O texto abaixo foi publicado no UOL Educação e escrito por Guilherme Perez Cabral, advogado e professor, doutor em filosofia e Teoria Geral do Direito. O original pode ser lido aqui.
Por Guilherme Perez Cabral
Espalham por aí, trazidas por uma onda sabidamente perigosa, ideias absurdamente deseducativas que defendem a "neutralidade" política do professor e "denunciam" a tomada de partido nas escolas. Assusta a aceitação, sem parar para pensar, pelos desavisados, de falas tão superficiais e contraditórias. É preciso levá-las a sério, esclarecendo suas mentiras deslavadas. Elas não sobrevivem à crítica.
A educação tem sempre um objetivo. Um objetivo escolhido por quem educa (Estado, família, sociedade em geral), dentre a infinitude de possibilidades que se abrem à imaginação e à razão humana. E, ao escolhê-lo, sempre, sempre, sempre, se toma um partido.
No nosso caso, a Constituição Federal – projeto político (repito, aqui, também: político) do que queremos ser "quando crescer" – prevê que a educação visa ao desenvolvimento pleno da pessoa, a qualificação para o trabalho e o preparo para o exercício da cidadania. Confunde-se, no final das contas, com as noções de dignidade humana e democracia.
Não escolhemos uma educação direcionada à inclusão de brancos e exclusão do negro; à formação de homens "pegadores" machos alfa e mulheres recatadas e do lar; à cultura do estupro, culpando a vítima por ser "puta"; à formação para a heterossexualidade. Decidimos que todos têm direito de se desenvolver plenamente, em sua dignidade, e de se preparar para a participação na vida social. Tomamos partido e assim deliberamos politicamente.
É verdade, já disse isso D. Saviani, há uma enorme distância entre os objetivos educacionais proclamados, num plano ainda ideal, genérico, em que o consenso, a identidade de aspirações ainda é possível, e os objetivos reais de cada um, aquilo que efetivamente se quer mudar ou deixar como está. Aqui, o conflito aparece, é inevitável.
Ótimo que seja assim. Não vamos parar de errar tanto sem o pluralismo de ideias, acompanhado da liberdade de se expressar, pesquisar, ensinar e aprender. São, aliás, princípios constitucionais.
Para atingir seu objetivo, a educação brasileira precisa, portanto, estar aberta a falar de tudo, debater todos os temas, criticamente. Falar do que está indo bem e questionar o que vai muito mal. Discutir gênero, racismo, misoginia, economia, política! Conhecimento não pode ser um tabu.

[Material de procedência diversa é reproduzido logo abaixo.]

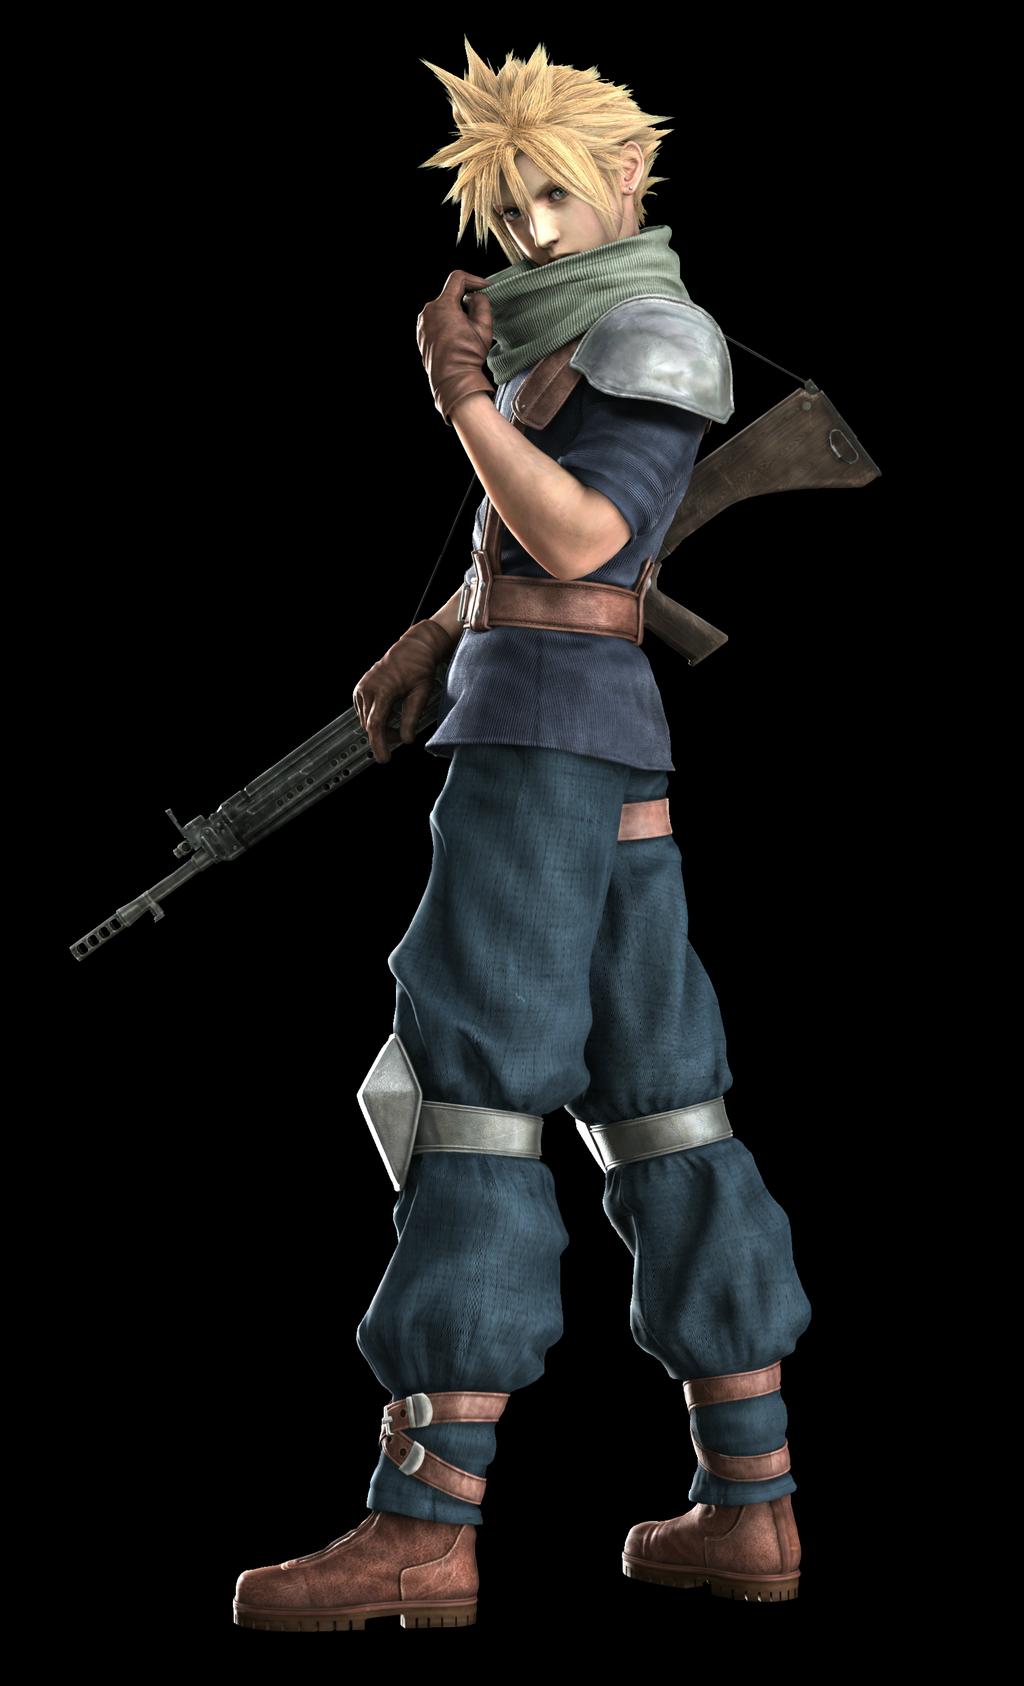 Final Fantasy 7 Ex Solider ACADEMY Men/'s Gaming T-Shirt
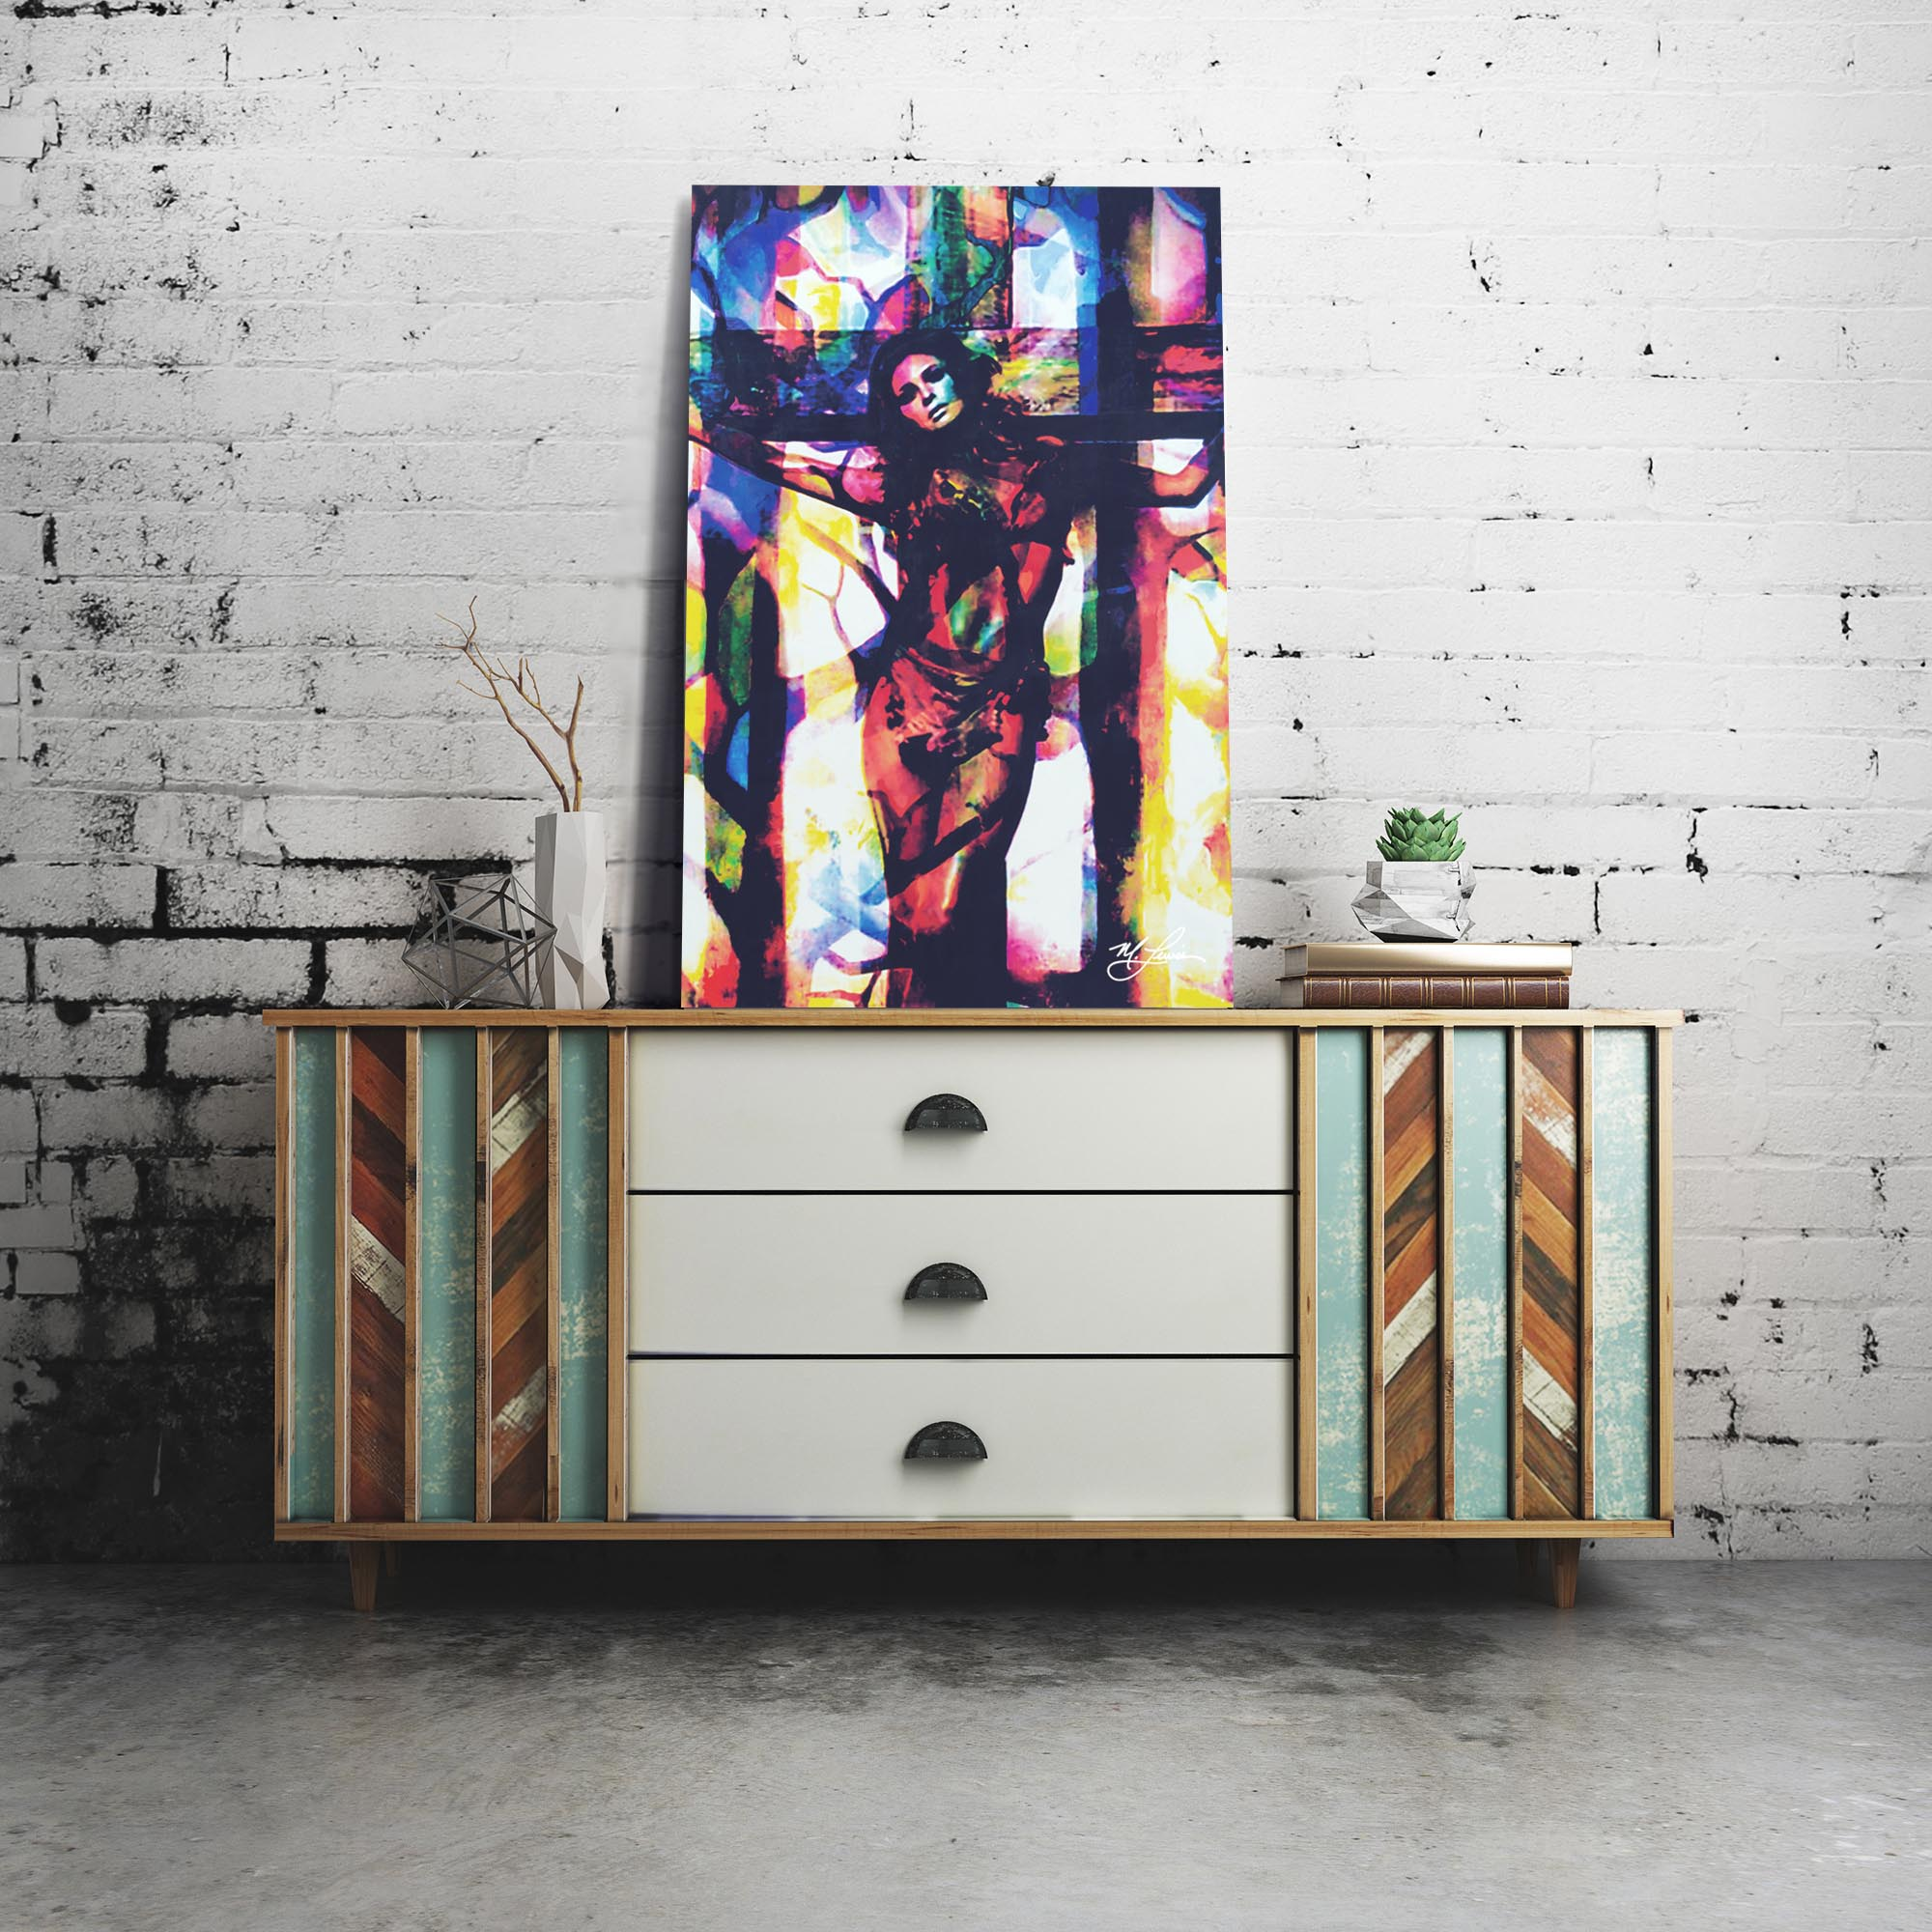 Raquel Welch Convicted Silk by Mark Lewis - Celebrity Pop Art on Metal or Plexiglass - ML0036
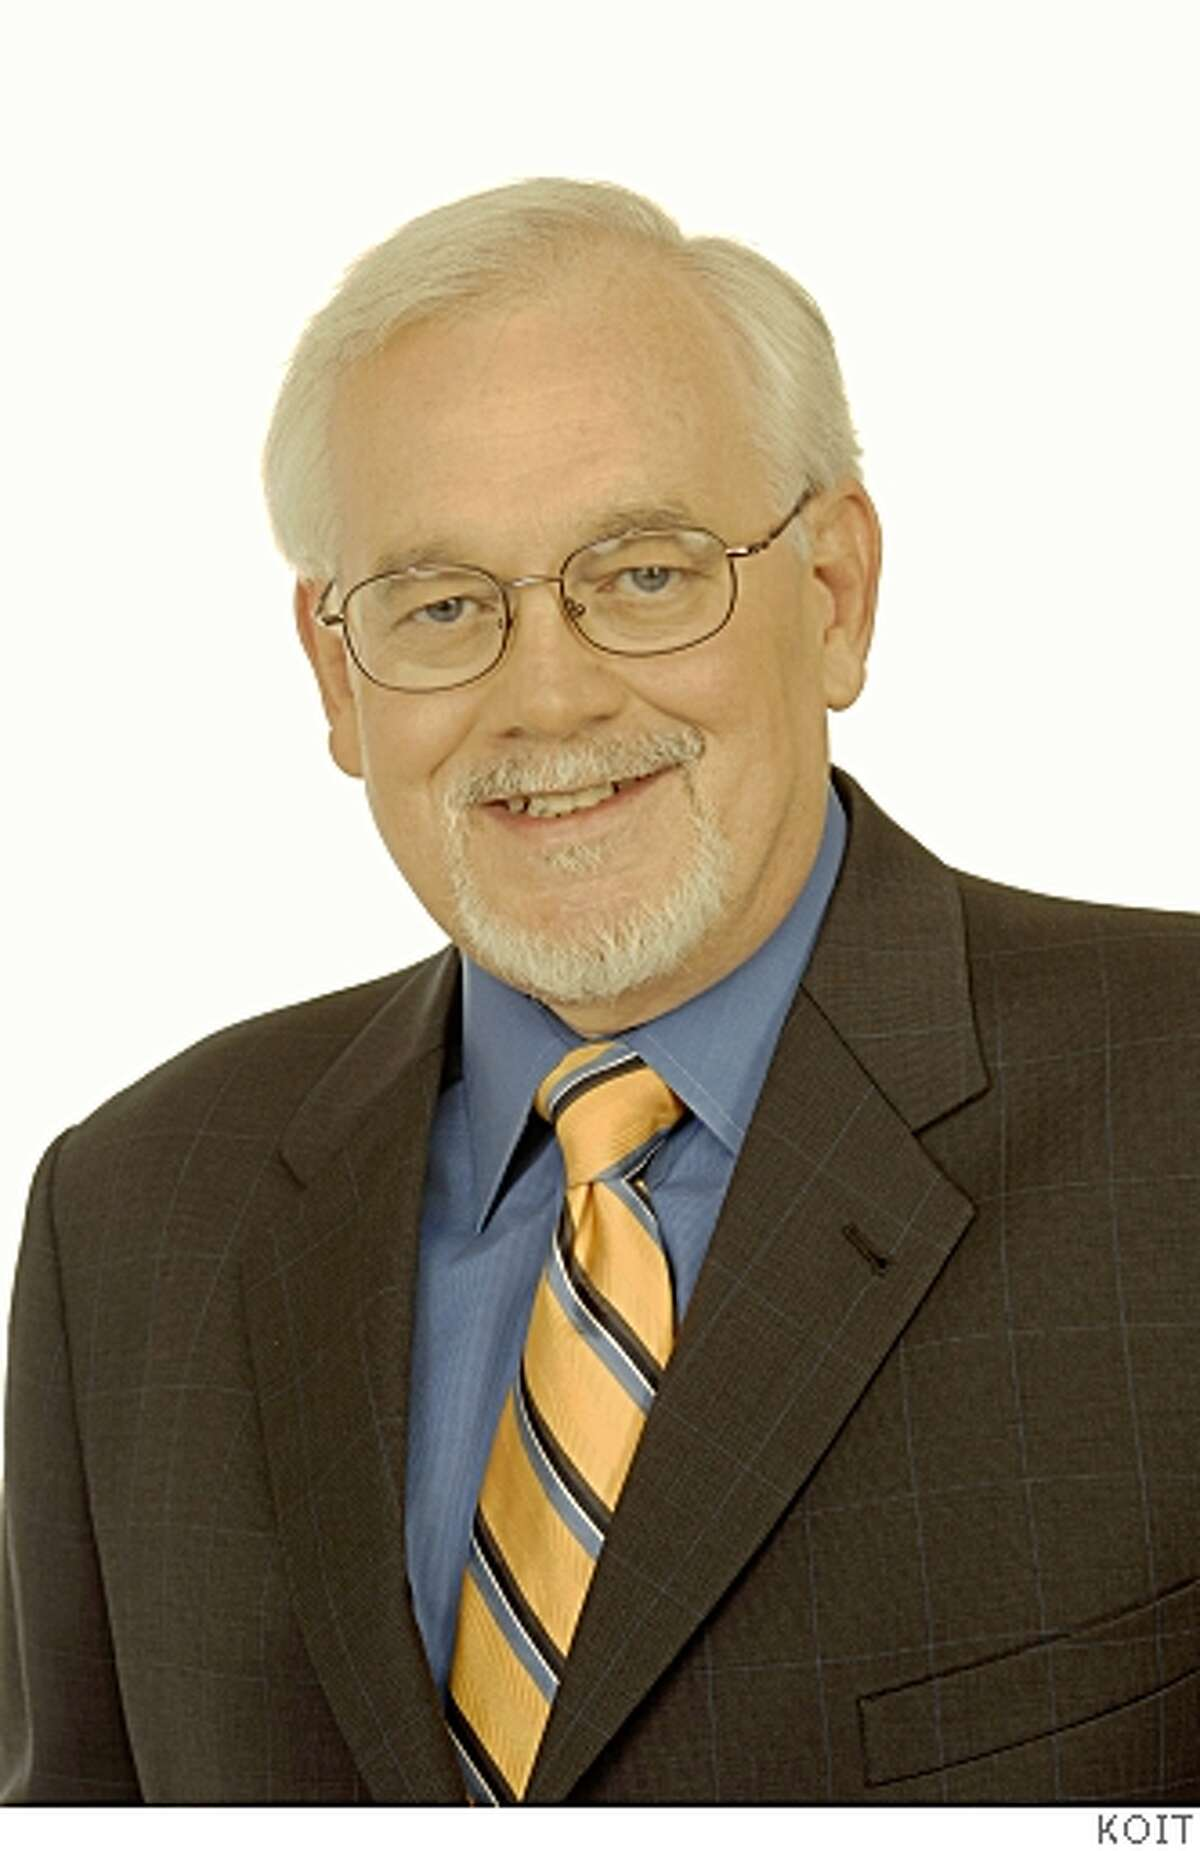 Bill Conway of KOIT, program director
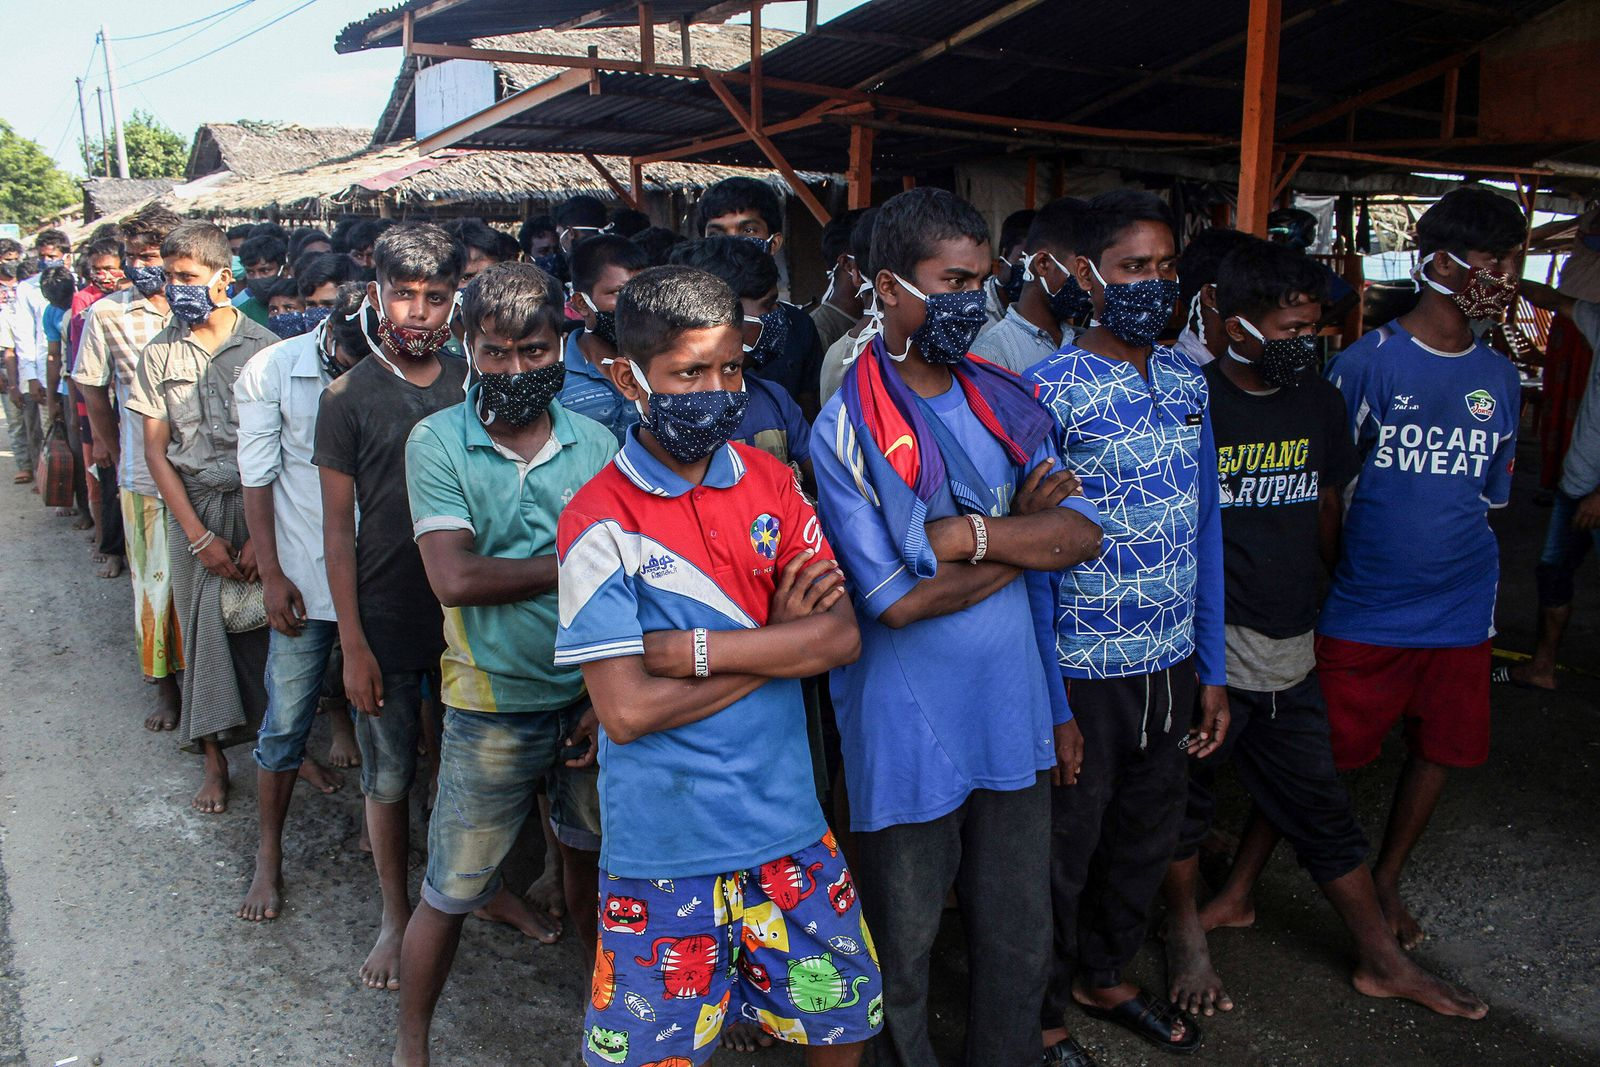 September 7, 2020, Lhokseumawe, Indonesia: Rohingya ethnic refugees wearing facemasks are seen being evacuated to a tem

Ao educar, o professor que não é neutro, que toma partido sempre, pode – na verdade, deve – se posicionar, reconhecendo o "lugar", a perspectiva da qual fala. Tudo isso, sem excluir outras. Respeitando-as.
E pode, sim, falar de partido político, assumindo o seu, se o tiver. Não tem problema nenhum. Os partidos políticos estão reconhecidos na Constituição Federal. São um instrumento extremamente importante da democracia. Se o regime partidário brasileiro está, hoje, tão desacreditado, sem representatividade nenhuma, sua crítica e reconstrução passam pela educação.
Enfim, negar o caráter político e "partidário" da educação revela ignorância, no mínimo. A meu ver, no mais das vezes, é má-fé mesmo. Os que "denunciam" a "doutrinação política", pregando "escola sem partido", pseudoneutralidade do professor, proibição de temas que incomodam, são, sem dúvida, os maiores e piores doutrinadores político-partidários.
Já caminhamos muito para sermos levados por essa onda rasa e arcaica. Seria um retrocesso sem tamanho. É a negação da educação e, em última análise, da democracia, que escolhemos na Constituição.